- **Task description**
When you copy the data that follows, reproduce every word exactly and leave out the images.

- **Supplied material**

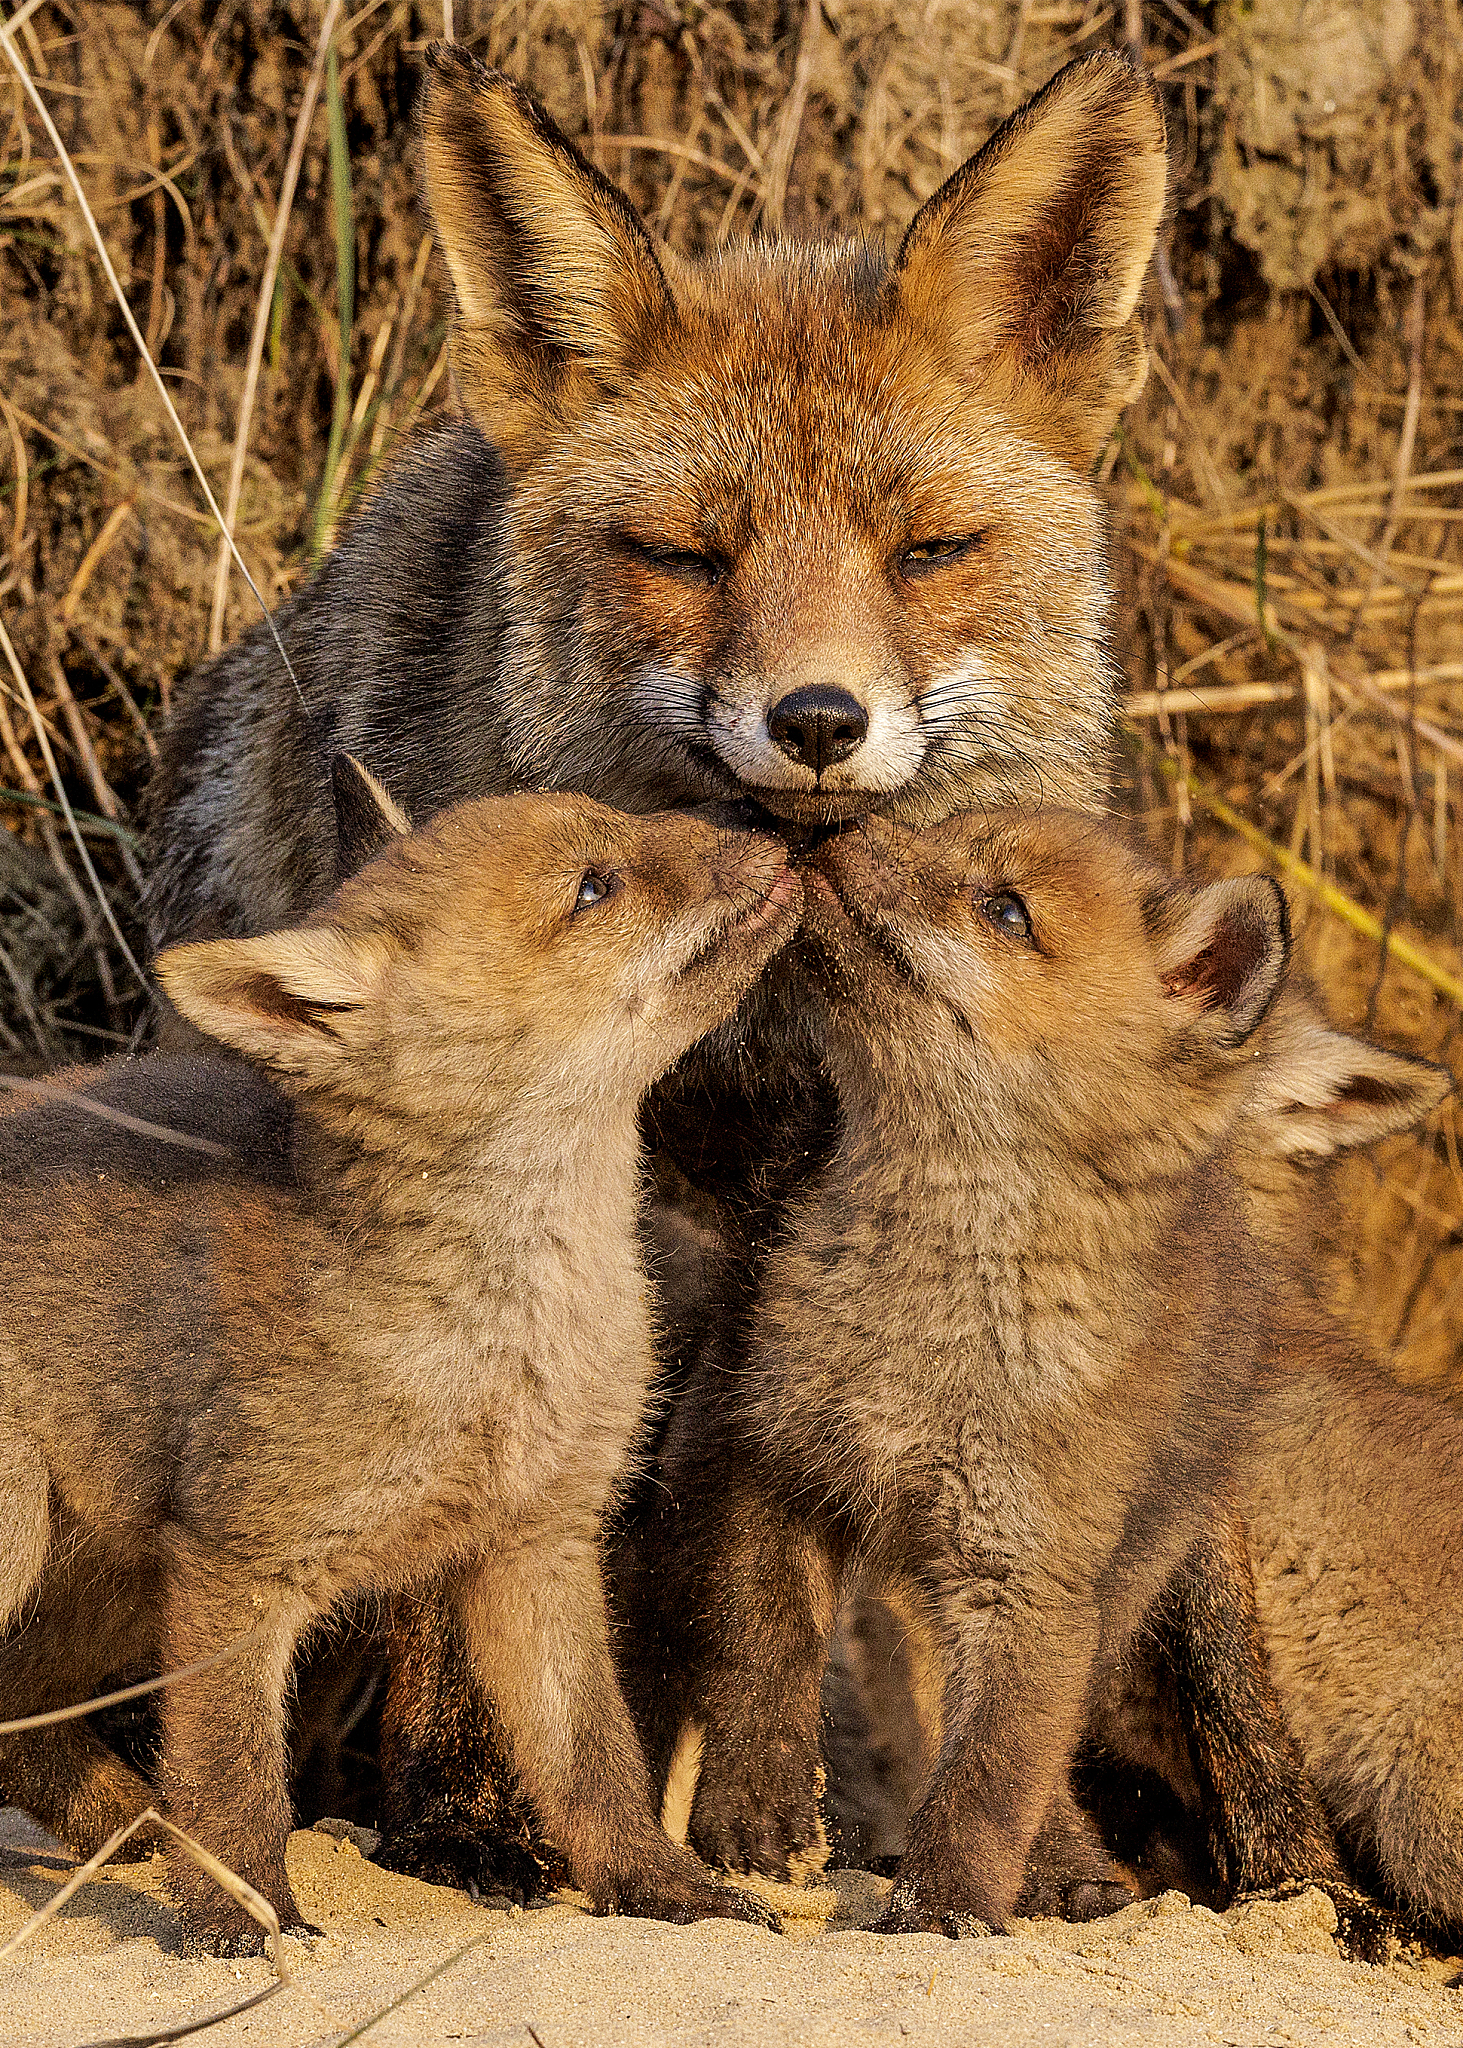 During a feed, playful fox cubs snuggle up to their mother, pestering her for more food. The eyes-half-closed mother and the cubs were spotted in Zandvoort, the Netherlands. /CFP
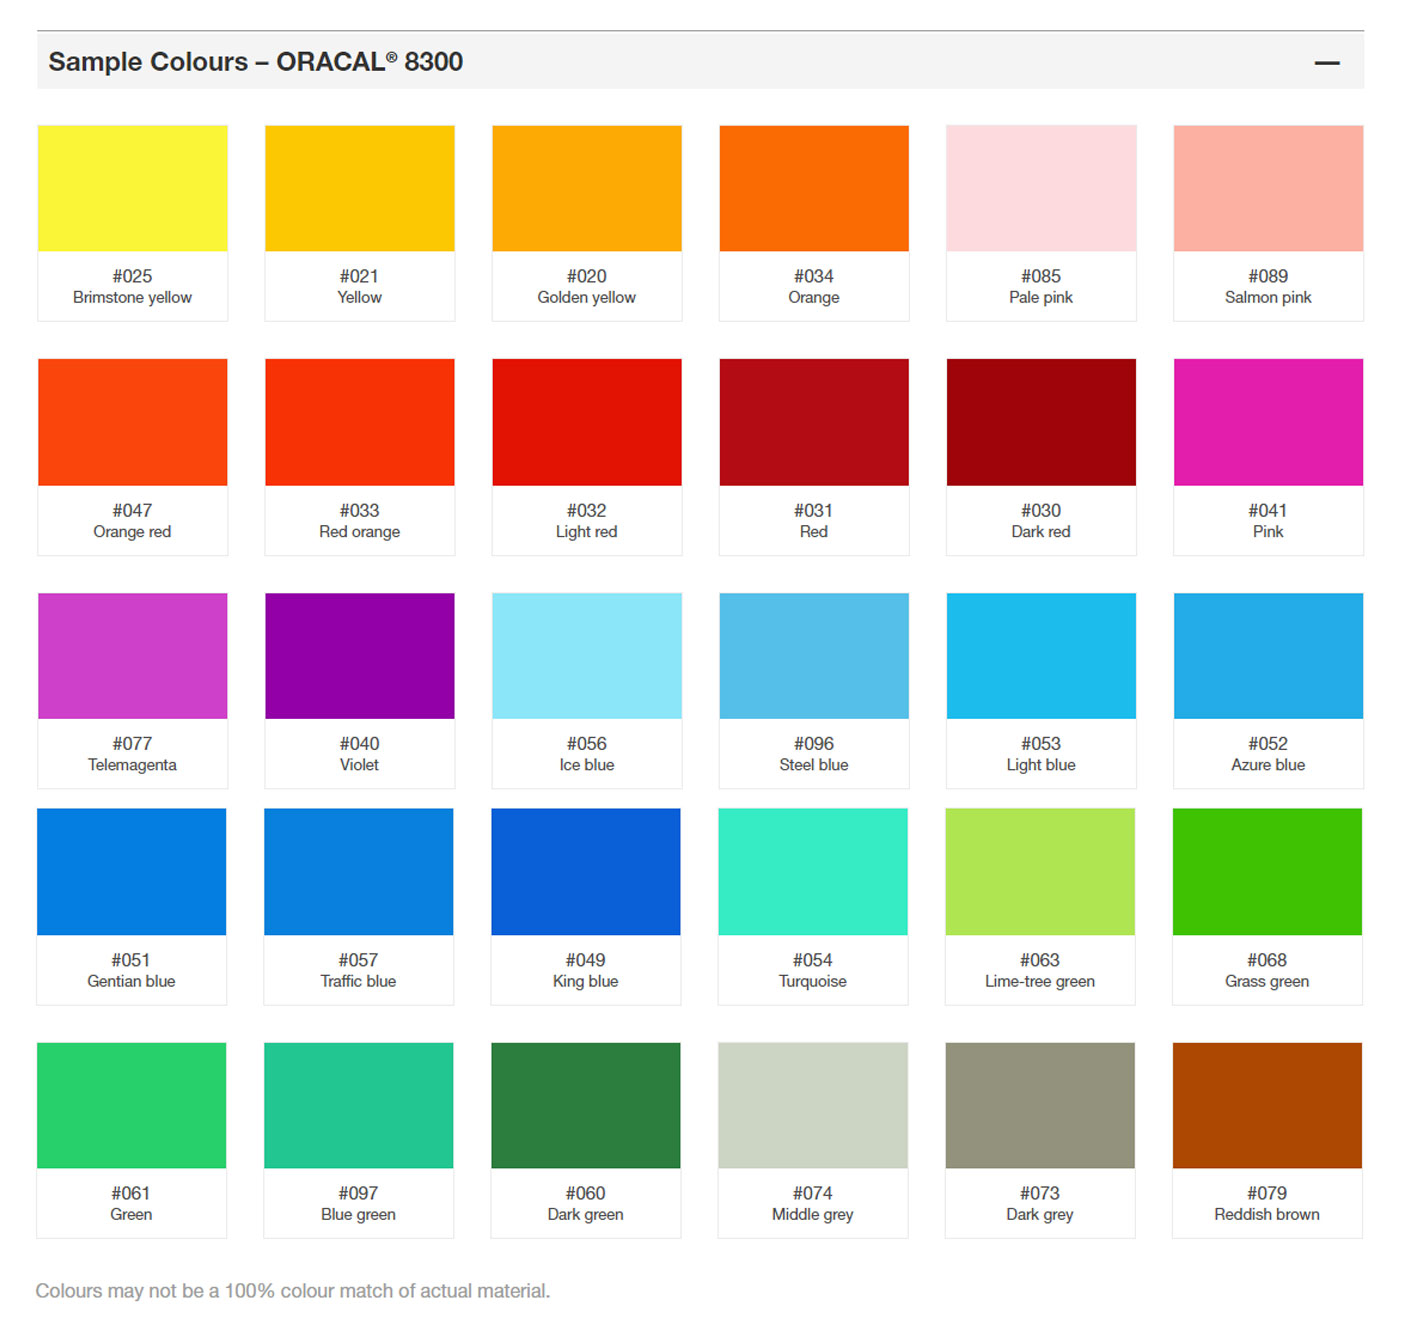 oracal 8300 color chart
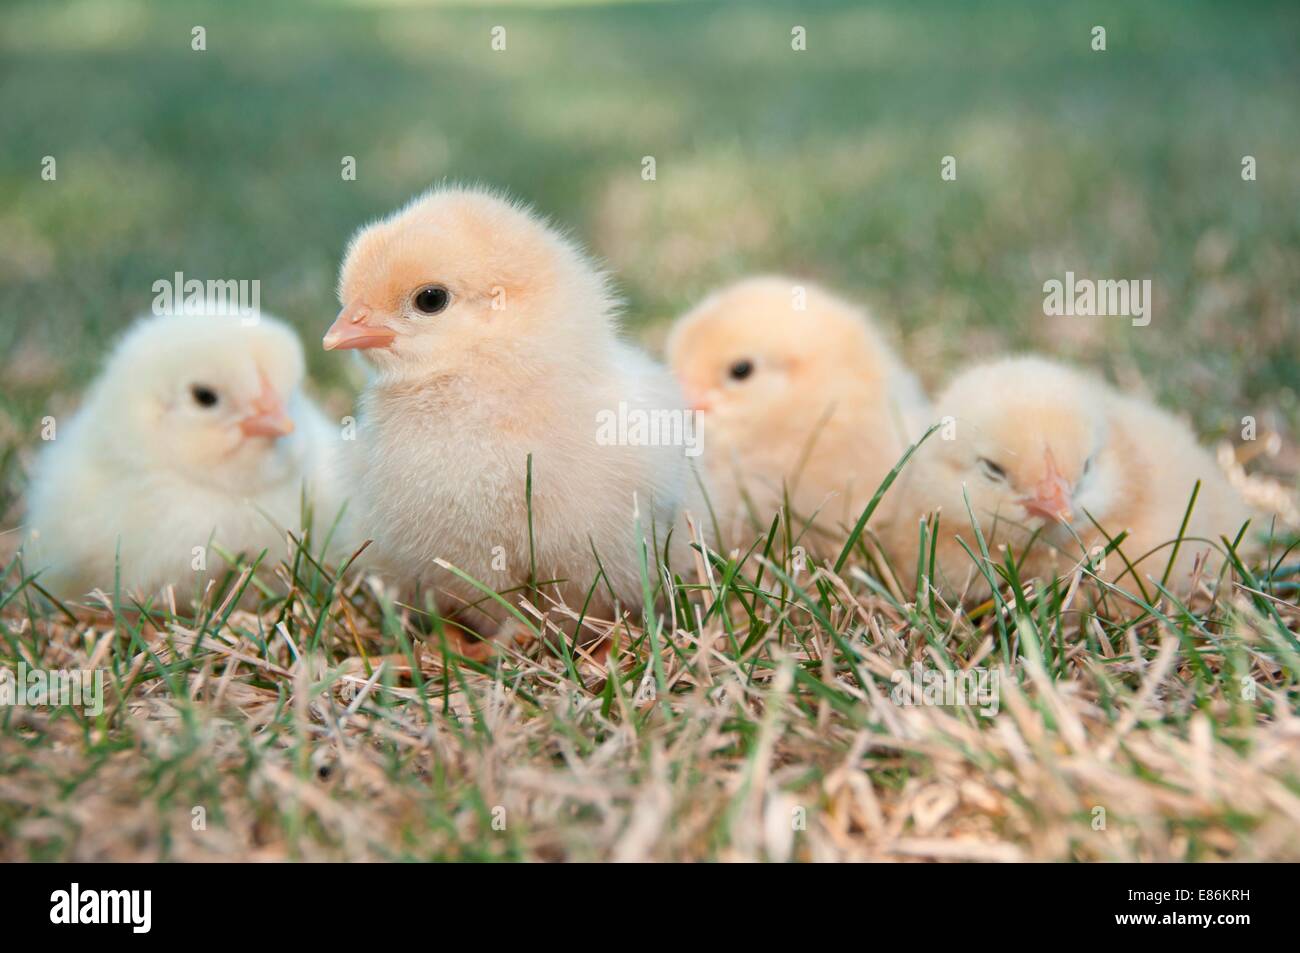 Four chicks sitting on some gass Stock Photo

- **Final answer**
 During a feed, playful fox cubs snuggle up to their mother, pestering her for more food. The eyes-half-closed mother and the cubs were spotted in Zandvoort, the Netherlands. /CFP
 oracal 8300 color chart
 Four chicks sitting on some gass Stock Photo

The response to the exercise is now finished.